Lightning Rods - By Helen DeWitt Page 0,42

in the Men’s. Even as a boy Roy had been what the Sears Roebuck catalog called husky, and over the years he had gone on quietly expanding. Sears did not have a name for adult men with a six-foot waist, and eventually Roy had had to stop ordering his clothes from a catalog; for a while he had taken to buying his clothes at Walmart. Then he had come to his senses. As a personnel officer he knew none better that it’s important to accept yourself the way you are. If you look at Minnesota Fats in the movie The Hustler, Minnesota Fats is actually better dressed than the Paul Newman character. Fats knew he was the best, and he dressed the part. So Roy had bought a five-hundred-dollar tailored suit at a time when five hundred dollars was a lot of money, and he always flew first class when he flew, and he always used the disabled cubicle in the Men’s Room.
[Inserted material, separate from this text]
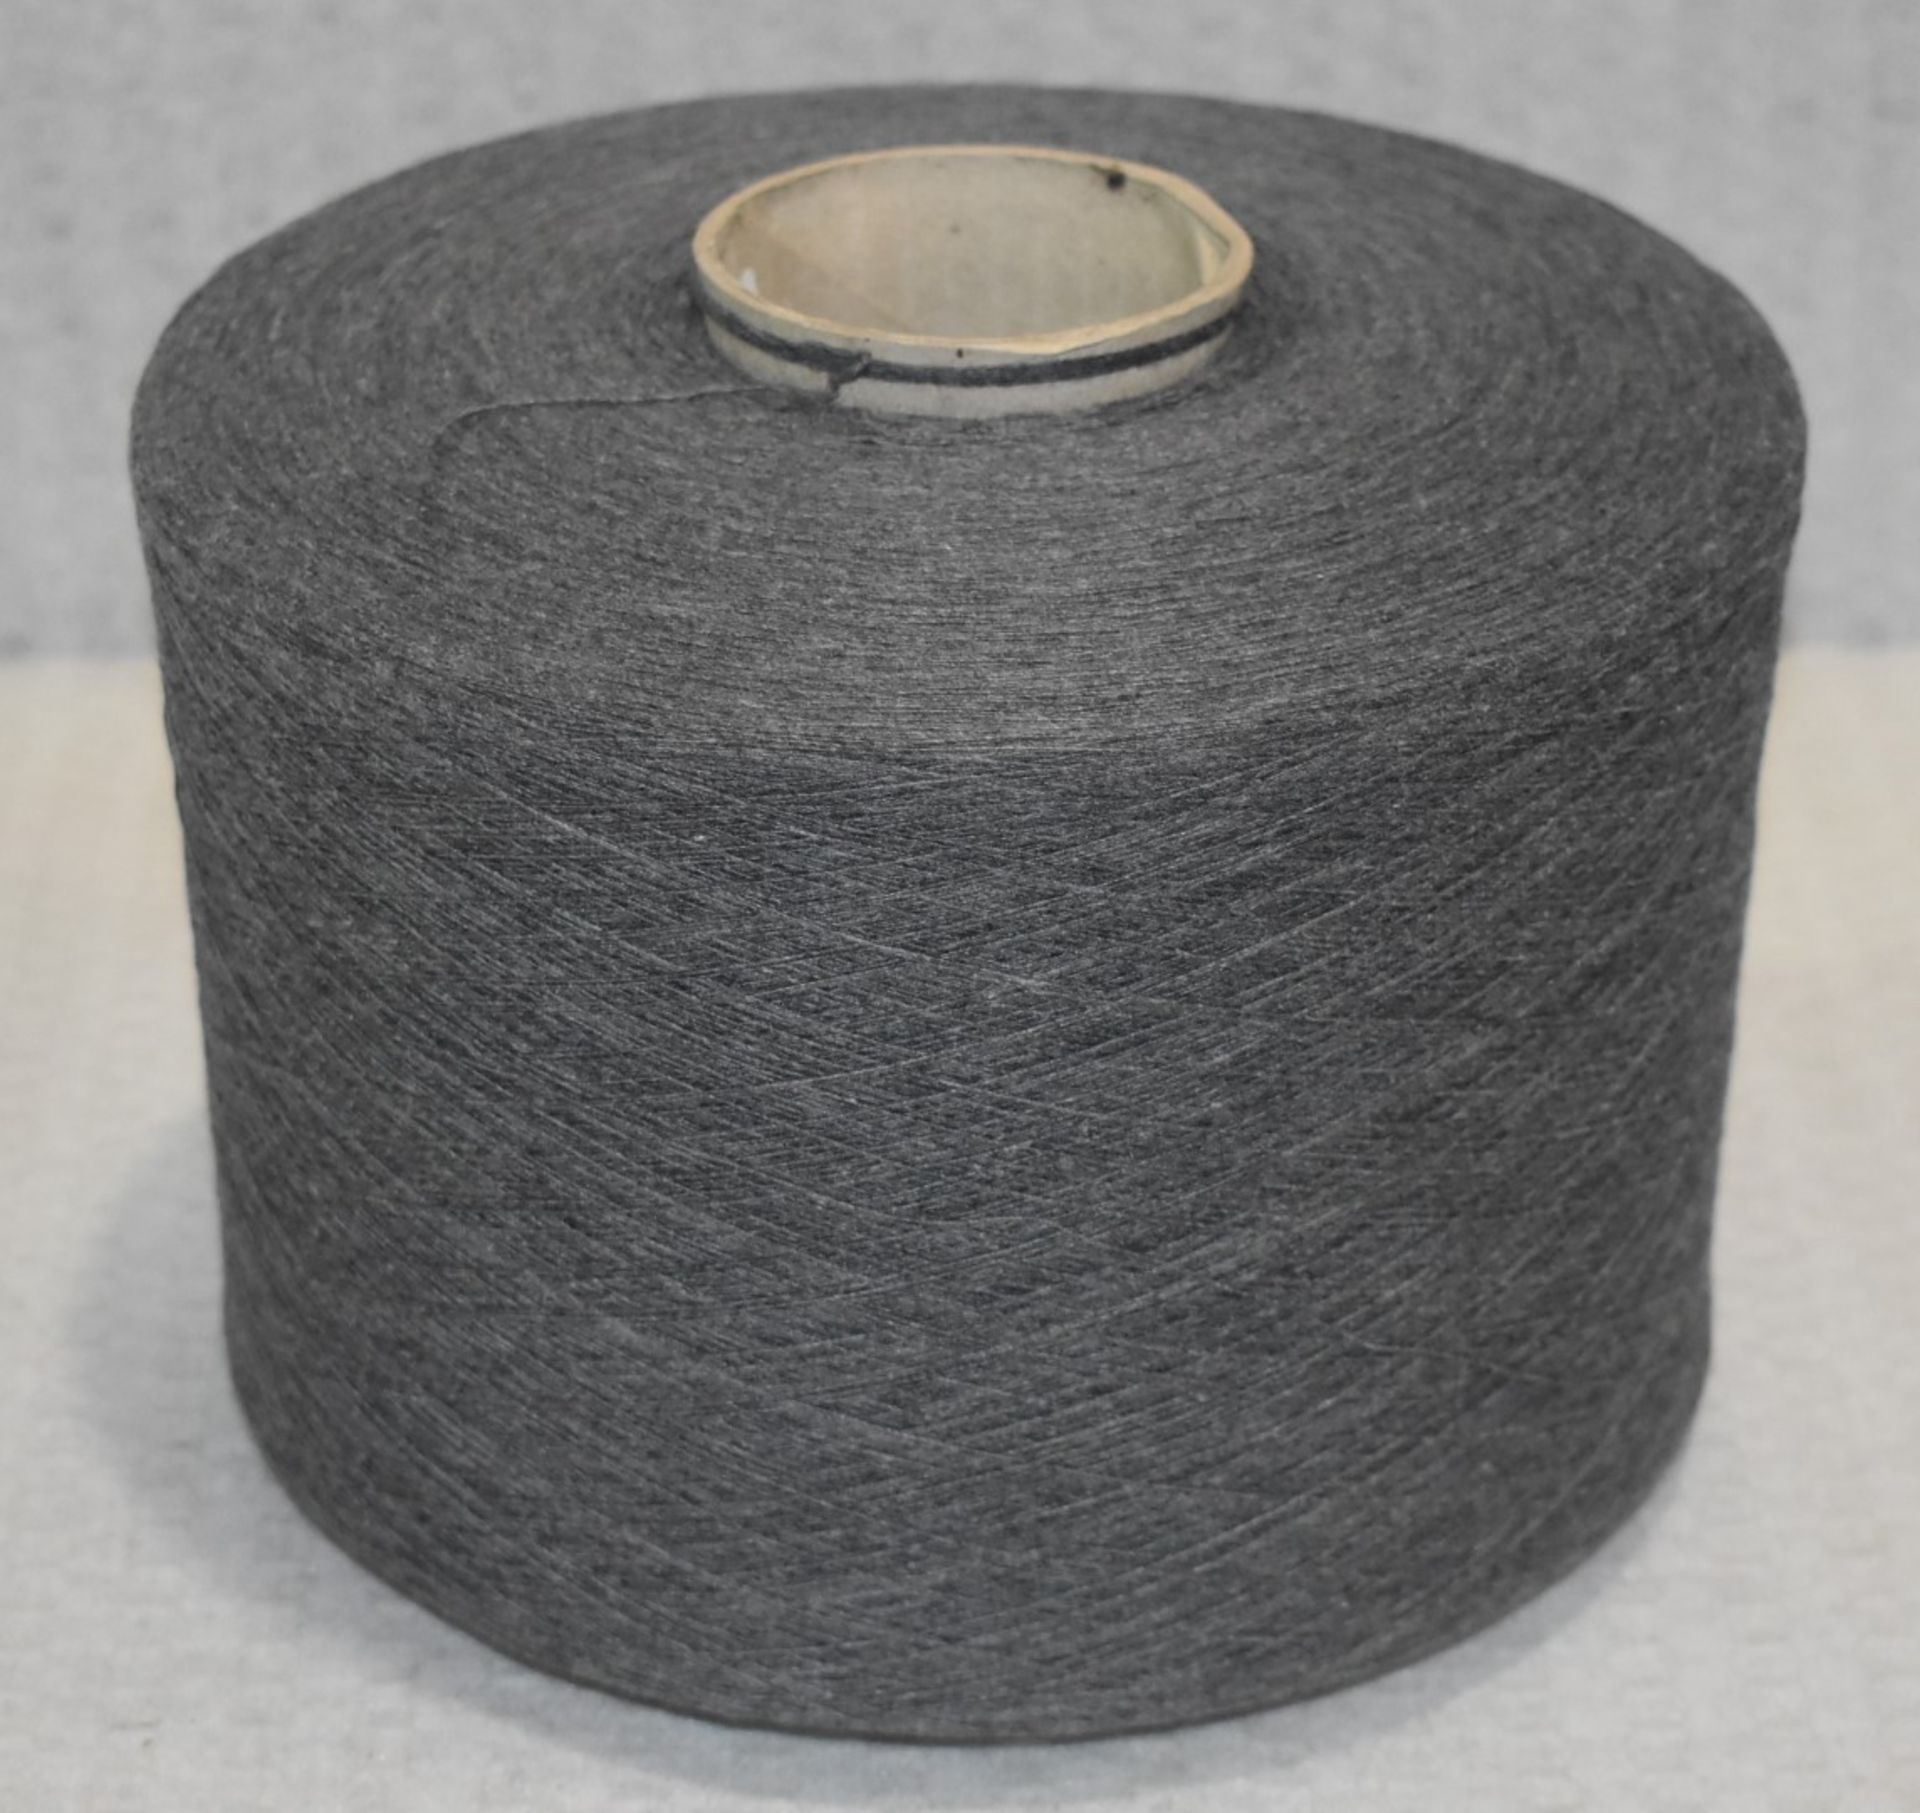 10 x Cones of 1/13 MicroCotton Knitting Yarn - Mid Grey - Approx Weight: 2,500g - New Stock ABL Yarn - Image 7 of 10

One day he was sitting on the toilet in the disabled cubicle, taking his time, when a couple of guys walked in and started taking a leak. One of them laughed to the other, “Jeez, it’s fucking 9:15 and somebody’s on a disability. Hoo boy.”

That was all Roy heard. He got up with help from the bar, and thought no more of it. But the next day he was in the cubicle and a couple of guys came in and they were talking again.

One said he was going to take his disability and call it quits for the day.

The other guy said, “Hoo boy.”

Now what Roy naturally thought was that this was some kind of variation on calling in sick for the day. The fact that this practice, whatever it might be, had developed its own slang, showed how far things had spread. Something was afoot that was going to have to be nipped in the bud.

The first thing Roy did was to go back to his office and check up on absenteeism patterns in the past month. Plenty of men his age swore at computers. Roy swore by them. You could get an overall picture of what was going on in a place of work in five minutes that you couldn’t have gotten in a year fifteen years ago. The thing to remember is, a computer is a tool. It’s there to help you do what you want to do. Used properly, a computer can be a valuable aid in determining what exactly it is that you want to do. But at the end of the day it’s just something to take care of things that would bore a human because they would take too long. It’s a machine, if you will. Neither more nor less.

Anyway, in five minutes Roy had gotten a picture of absenteeism in the past month that had him staring and scratching his head. “Holy son of a gun,” said Roy, looking at the little chart the computer had produced on his screen. In thirty years he’d never seen anything like it.

Absenteeism in the firm had reached an all-time low. In a building that housed 500 employees, ten had had a sick day in the last month. The rate was the same for the previous month. Roy went back six months. Month after month it was the same story. Then six months ago the figures were back up to where he would have expected them to be.

Something had been going on for six months and it had taken him completely by surprise.

“Holy moly,” said Roy. He took out one of the jumbo bags of peanut M&M’s that he kept in his bottom drawer and tore a small hole in the corner.

He decided that today he would start with green.

He shook a few M&M’s onto his pad, ate the green one, and put the rest in a bowl.

“Darned if I ever seen anything like it,” he said, popping another green M&M and tossing a few more into the bowl.

One of the great things about a computer is it can tell you just about anything you might want to know without even getting up out of your chair. All you have to do is ask it the right question is all.

Roy decided that he would do a breakdown by number of days off work. He got through three or four M&M’s setting up the search parameters, and then he ran the search.

“Jumping Jehoshophat!” exclaimed Roy.